12月10日(火)、世界人権宣言54周年記念大阪集会が開催されました。今回は「差別撤廃・人権確立に役立つ日本の国内人権機関設立を求めて」をテーマにタイ、韓国の国家人権委員会の委員が各国の人権委員会についての講演を行ないました。
集会の最後に人権擁護法案の抜本修正を求めるアピールが採択されましたのでここに紹介します。
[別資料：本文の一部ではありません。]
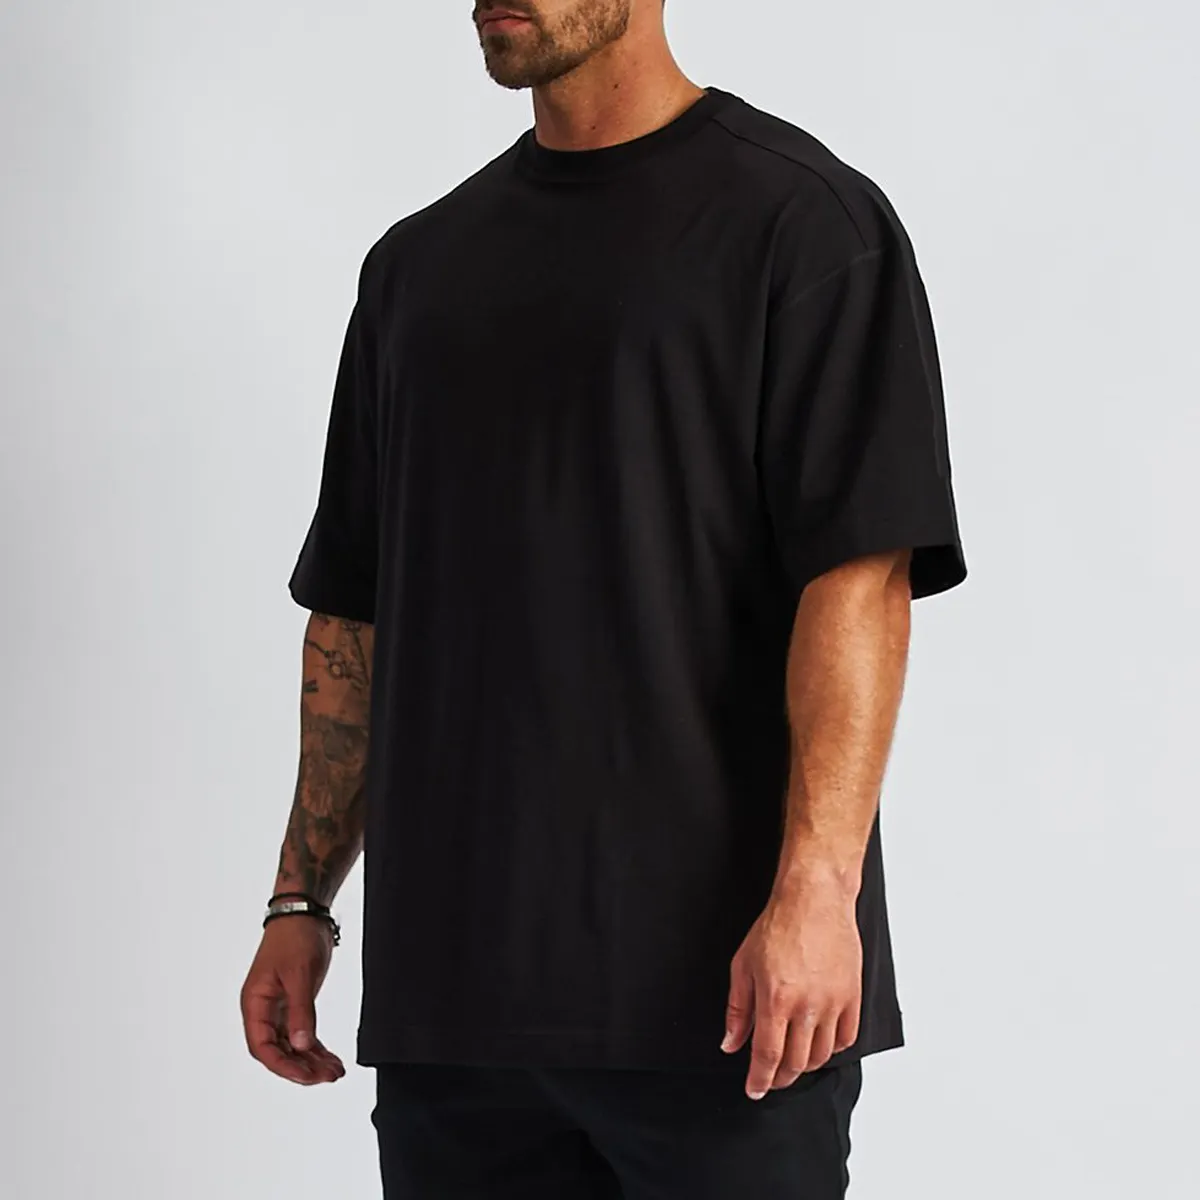 Рубашка с принтом от производителя одежды, мужская одежда от бренда на заказ, футболка оверсайз из 100% хлопка, рекламная рубашка с логотипом на заказ

尚、人権擁護法案については来年1月の第156通常国会で審議されることが決定しました。
「人権擁護法案」が、来年の通常国会へ継続審議となることが濃厚になってきています。
世界人権宣言54周年記念大阪集会に参集したわたしたちは、この法案の持つ意義と問題点を、タイや韓国の経験をも踏まえ、様々な角度から検討しました。
その結果、この法案は、差別の禁止や人権委員会の新たな設置を盛り込むなど、重要な意義を持ったものと評価することができますが、日本国内に存在する部落差別をはじめとするあらゆる差別を解消し、人権侵害を撤廃していくという本来の目的と、国内人権機関の設置に関す原則(パリ原則)に代表される国際的な潮流からみたとき、以下に列挙するような基本的な問題があるといわねばなりません。
まず、新たに設置される人権委員会が法務省の外局とされ、職員は法務省から出向し、建物も法務省や法務局の中に置かれるとのことで、全く独立性が保証されていないという問題です。
この点に関しては、人権委員会を法務省ではなく、少なくとも内閣に設置するか内閣府の外局とするとともに、人権に精通した職員を独自に採用し、独立した場所に設置することが求められます。
第2点目の問題点としては、人権委員会が全国レベルでのみ設置され、地域には8ないし9カ所に事務所が置かれるだけで、基本的には地域で生起する差別や人権侵害に早期かつ容易に対応できない、つまり実効性に欠けるという問題があります。
この点を克服するためには、全国レベルのみでなく、都道府県単位にも人権委員会を設置することが必要です。
第3番目の問題は、公権力による差別や人権侵害を他のそれと同列に扱う一方で、メディアによる人権侵害をも特別救済の対象とすることによって、メディアの正当な取材活動を萎縮させるおそれがある点です。
この点については、公権力による差別や人権侵害に対しては、他の分野よりも厳しく対応できるよう明文化するとともに、メディアによる人権侵害については、この法案には盛り込まず、まず自主規制を求めていくことが必要です。
このほか、この法案には、‡@人権に関する規定がない、‡A差別煽動などが禁止されていない、‡B人権委員会の提言機能が具体的に明記されていないなどの問題もあります。
時あたかも、来年、2003年は、世界人権宣言が国連で採択されて55周年という記念すべき年に当たっています。この年に、部落差別をはじめとするあらゆる差別解消と人権侵害の撤廃に真に役立つとともに、パリ原則に合致した国際的にも高く評価される人権委員会の設立を盛り込んだ法案となるよう「人権擁護法案」の抜本修正を強く求めるものです。